Quando un cane nero mi guidò fino all’isola del tesoro (Donegal 8°giorno)

Ti svegli di soprassalto. Hai spento la sveglia durante il sonno e la prossima chance di fare una colazione abbondante si trova a diversi km a piedi da dove ti trovi. Sono le 8.55 e ti rimangono solo 5 minuti di tempo, almeno il caffè riesci a berlo, pensi.
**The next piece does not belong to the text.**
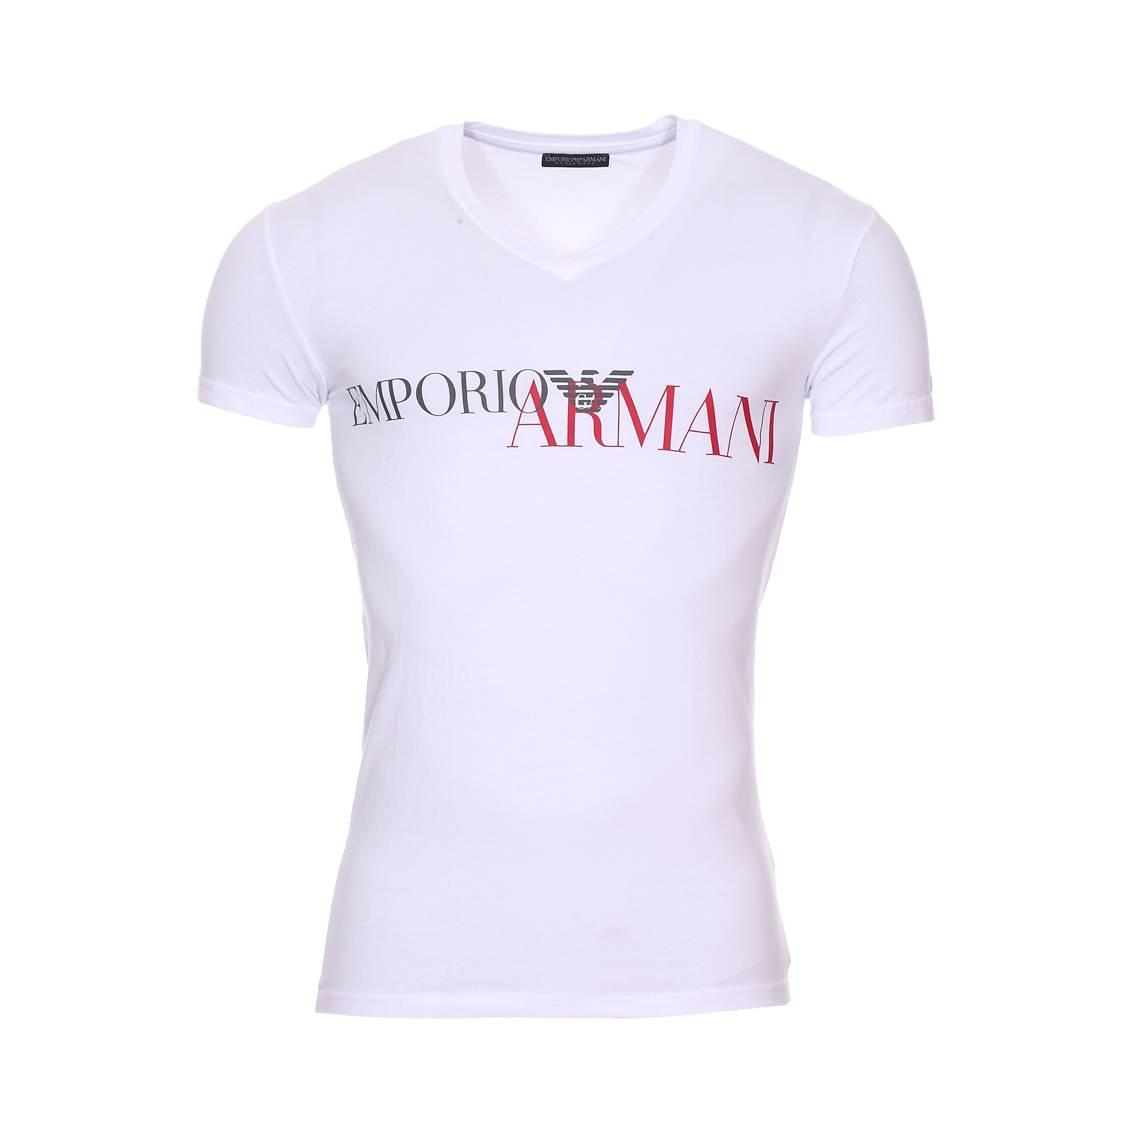 29d0c62a64ae Tee-shirt col V Emporio Armani en coton stretch blanc floqué en ...

Ti infili addosso le prime cose che trovi nello zaino, passi in rassegna mentalmente tutto il cibo che ti sei lasciata sfuggire e ti presenti nella luminosa sala da pranzo con gli occhi semichiusi, i capelli arruffati e il fiatone per la corsa. Ti presenti rompendo un silenzio da palestra yoga, con il tuo good morning d’ordinanza e con una piccola storia su come hai spento la sveglia durante il sonno. La coppia di ospiti a cui stavi raccontando il drammatico accaduto ti lascia finire, sorride, e poi ti dice che hai ancora ben 35 minuti a disposizione. Maledetta disattenzione. Riavvolgi il nastro, torni in camera, vai a fare la pipì e ti ripresenti in sala da pranzo con un sonoro good morning. Risata del pubblico.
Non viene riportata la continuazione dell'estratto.